The alteration of mRNA translation has a crucial role in defining the changes in cellular proteome. The phosphorylation of eukaryotic initiation factor 4E by mitogen-activated protein kinase-interacting kinases (Mnks) leads to the release and translation of mRNAs of specific oncogenic proteins. In recent years, the efforts made by the pharmaceutical industry to develop novel chemical skeletons to create potent and selective Mnk inhibitors have been fruitful. The pyridone-aminal scaffold has been utilized to generate several series of Mnk inhibitors presented in multiple patent applications and research articles. Tomivosertib (eFT508) is one of the molecules with such scaffold. It is one of the first two Mnk inhibitors that entered clinical trials, and has displayed momentous activity against several solid and hematological cancers.

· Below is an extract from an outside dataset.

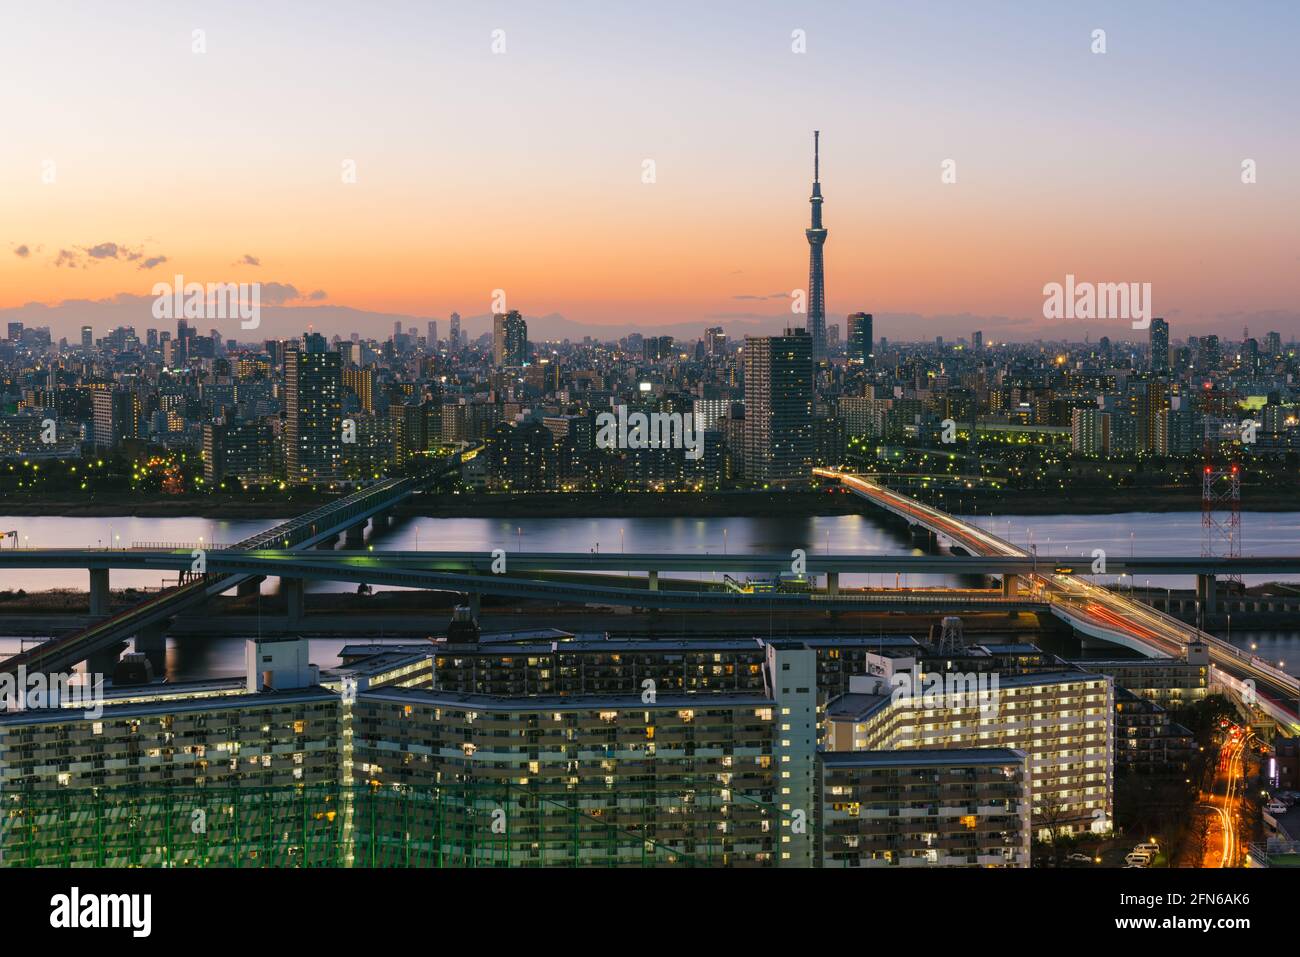 Tokyo, Japon - 10 janvier 2016 : Tokyo Skyline au crépuscule, vue sur le quartier d'Asakusa, le fleuve Arakawa et Tokyo Skytree Banque D'Images

The present compilation provides a succinct review of the current state of development of pyridone-aminal-derived Mnk inhibitors through the analysis of relevant patent applications filed in the last 5 years.

锰酸盐抑制剂:专利审查。
mRNA翻译的改变在确定细胞蛋白质组的变化中起着至关重要的作用。真核起始因子4E被丝裂原激活的蛋白激酶相互作用激酶(Mnks)磷酸化,导致特定致癌蛋白mrna的释放和翻译。近年来,制药行业开发新型化学骨架以制造有效和选择性的Mnk抑制剂的努力取得了丰硕成果。吡啶酮-动物支架已被用于生成多个系列的Mnk抑制剂,并在多个专利申请和研究文章中提出。Tomivosertib (eFT508)就是具有这种支架的分子之一。它是首批进入临床试验的两种Mnk抑制剂之一,并已显示出对几种实体和血液系统癌症的重大活性。本文通过对近5年来相关专利申请的分析,简要回顾了吡酮-氨基衍生的Mnk抑制剂的发展现状。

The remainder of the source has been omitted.